Comment by xlii
3 months ago
It seems nice but every single time I see service allowing anonymous uploads like such I’m thinking immediately: criminal use.
How hard would it be write a protocol that uses relatively safe urls to encode messages, e.g. by ensuring that the ratio of emojis isn’t serialized URL, credentials to some stash or an encoded picture no one wants to keep?
> It seems nice but every single time I see service allowing anonymous uploads like such I’m thinking immediately: criminal use.
This seems like the Hollywood movie plot criminal use.
Actual criminals just put a normal server/proxy in a non-extradition country or compromise any of the zillion unpatched Wordpress instances on the internet or something equally boring.
Might I say that this whole safetyist moral panic is very convenient for large corporations? If you can't host your own service due to these concerns, you'll use the cloud :)
It's not a moral panic it's called "an extended engagement with law enforcement will be unpleasant and costly" and you probably don't want that.
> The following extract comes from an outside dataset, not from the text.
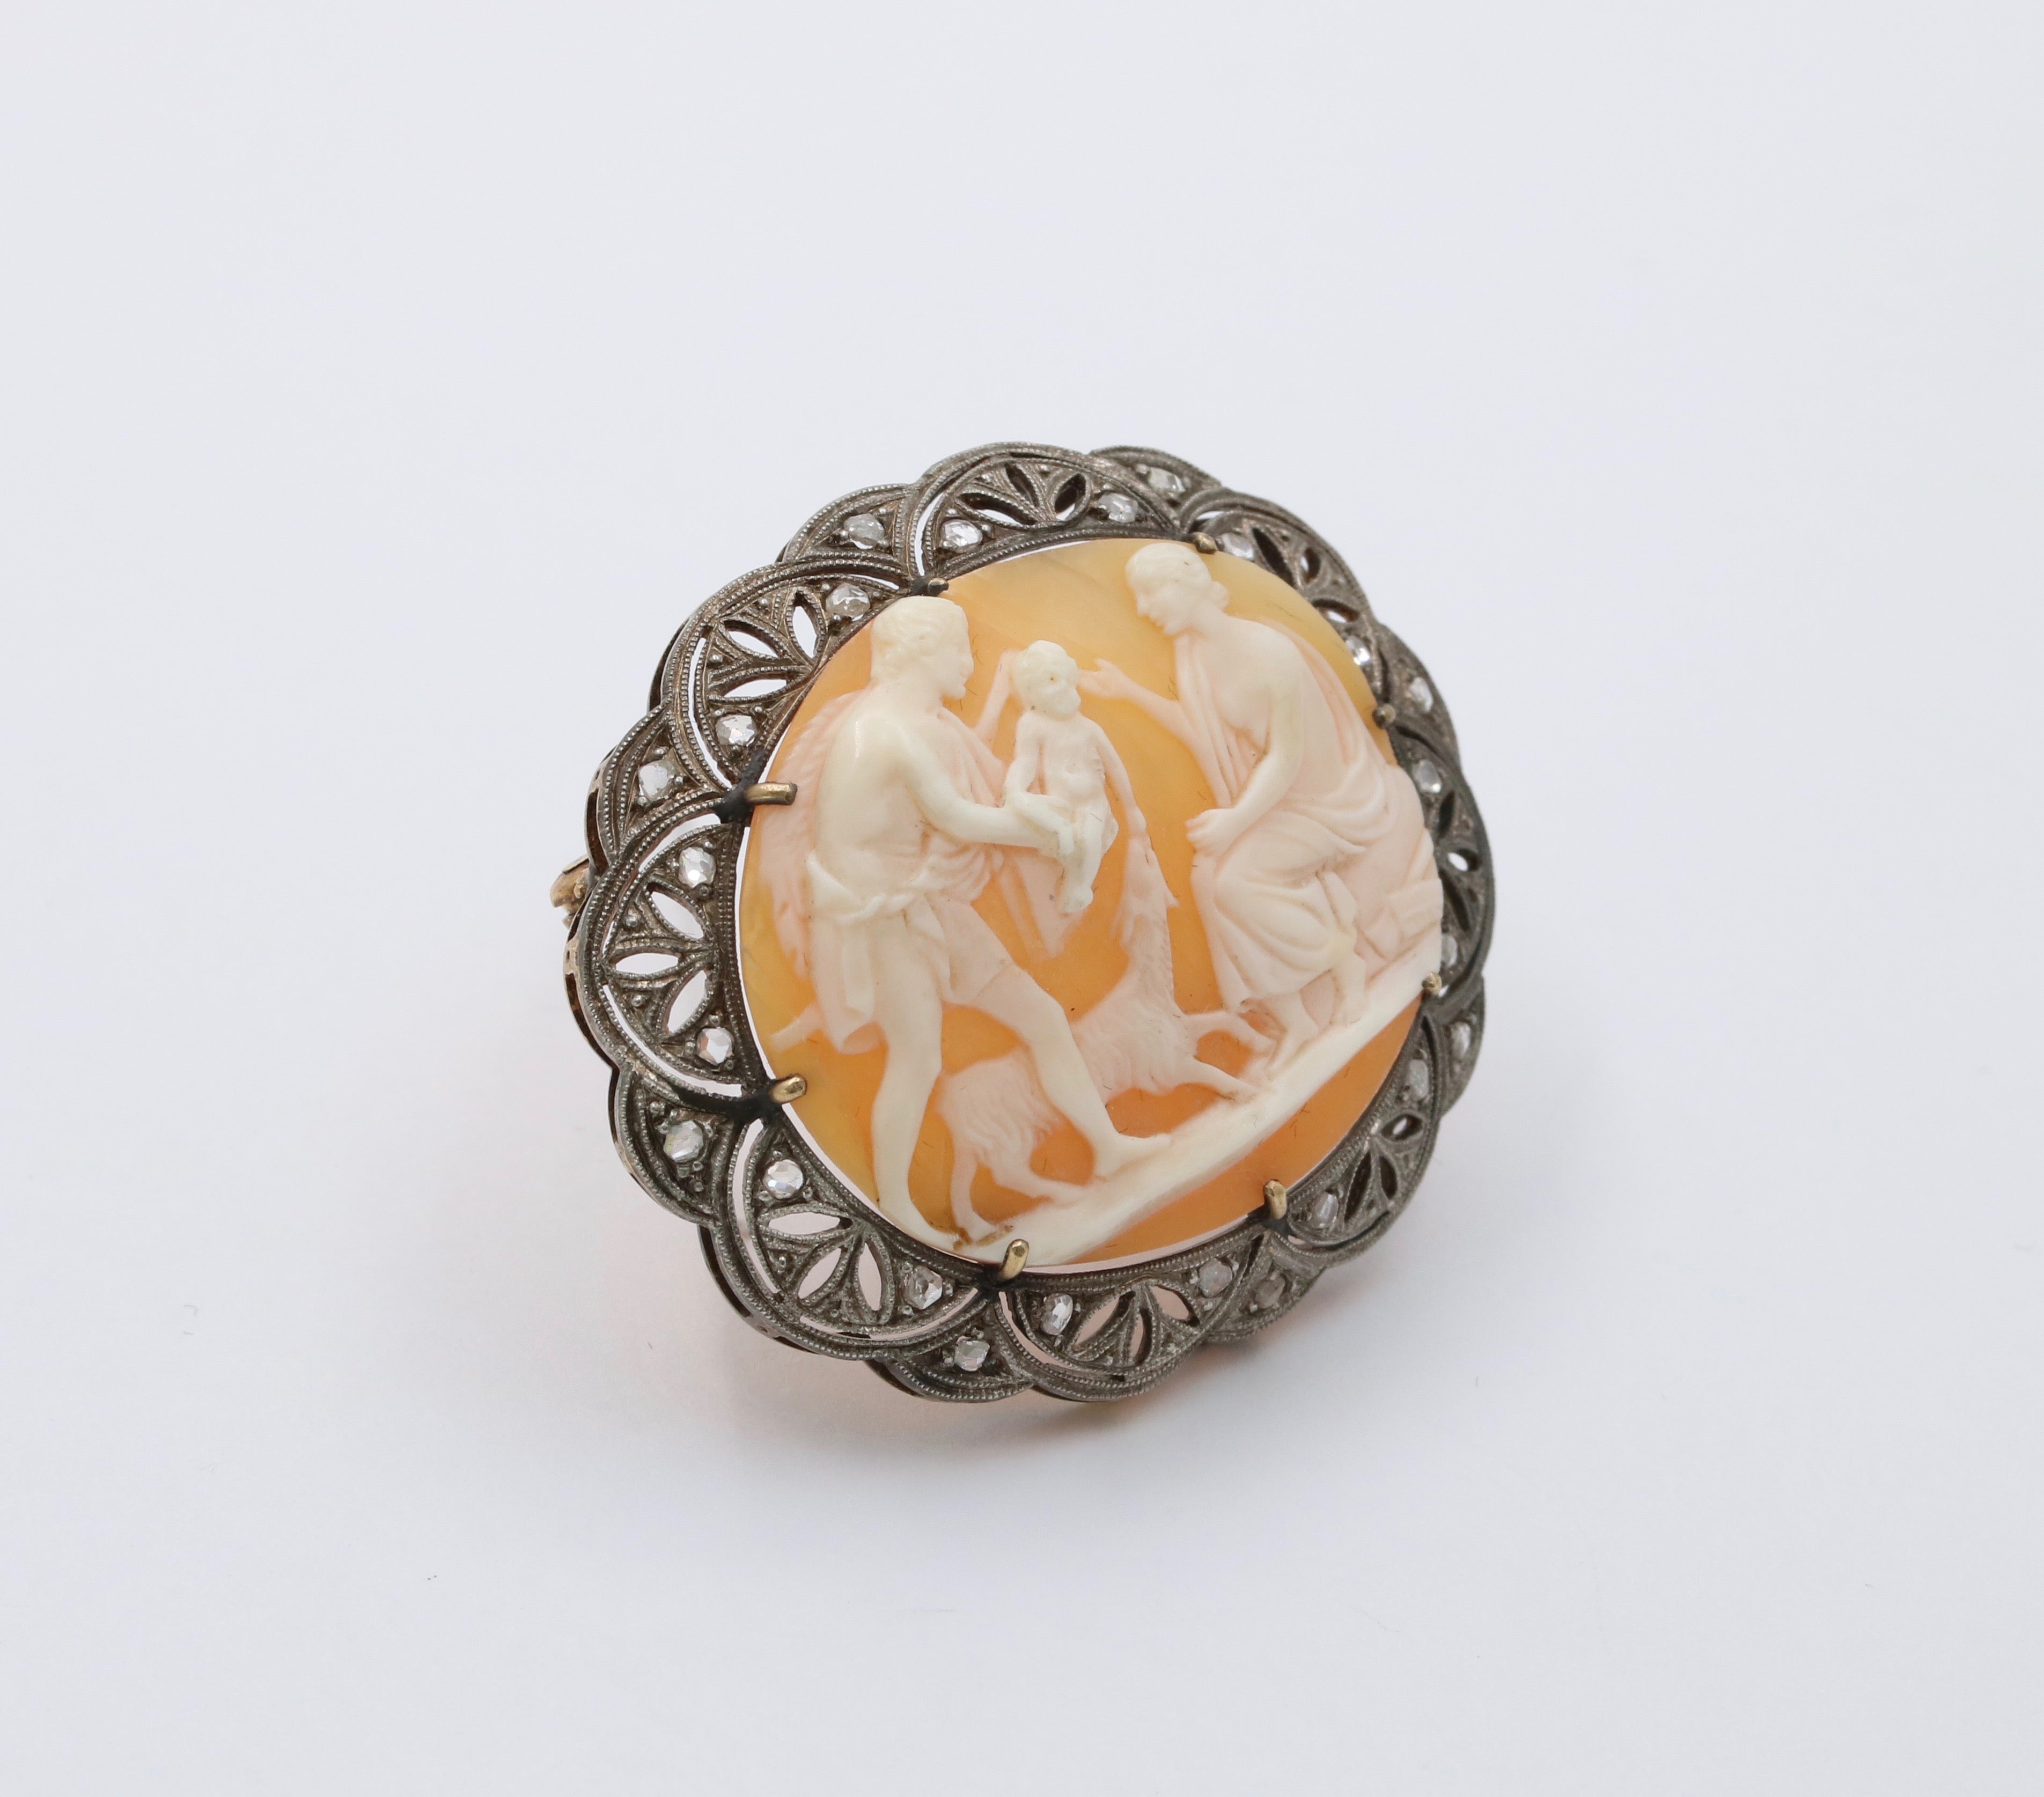 Antique 18K Gold, Silver, and Diamond Cameo Brooch, Pin – Alpha

And if you're wondering why it's that way, then casually observe everytime people declare that people under arrest or being tried "don't deserve..." something.
5 replies →
It's even more boring: When I share criminal data (usually old movies that are still in copyright), I just put them in an encrypted 7zip archive and upload to google drive, then delete after my friend downloads it.
I mean, in this case we're talking about emoji, so I'm having a hard time picturing the criminal use, but in general anonymous file uploads or text uploads absolutely get used by criminals as soon as they're discovered. Anyone who's run a service for long enough will have stories of the fight against spam and CSAM (I do!).
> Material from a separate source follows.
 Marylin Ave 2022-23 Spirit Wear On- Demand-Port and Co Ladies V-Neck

> I mean, in this case we're talking about emoji, so I'm having a hard time picturing the criminal use, but in general anonymous file uploads or text uploads absolutely get used by criminals as soon as they're discovered
You can use the emoji service as an anonymous data upload service because it transfers information and you can encode arbitrary data into other data. But that sounds like work and people are lazy and criminals are people so they'll generally do the lazy thing and use one of the numerous other options available to them which are less work than creating and distributing an emoji encoder.
If you make a generic file upload service, well, they don't have to do as much work to use that. Then the question is, what should we do about that?
The next question is, does preventing them from using a given service meaningfully prevent any crime? That one we know the answer to. No, it does not. Because they still have all of the other alternatives, like putting it on a server or service in a foreign country or compromising random Wordpress instances etc.
Then we can ask, from the perspective of what the law should be and the perspective of a host under a given set of laws, what should we do? And these are related questions, because you want to consider how people are going to respond to a given set of laws.
So, what happens if you impose strict liability on hosts regardless of whether they know that a given thing is crime? Well then you don't have any services hosting data for people because nobody has a 0% false negative rate but without one you're going to jail.
What if you only impose liability if they know about it? Then knowing is a liability because you still can't have a 0% false negative rate, so they're going to prevent knowing and you end up with Mega encrypting user data so they can't themselves see it. That seems pretty dumb, you'd like them to be able to remove obvious bad stuff without putting liability on them if they're not 100% perfect.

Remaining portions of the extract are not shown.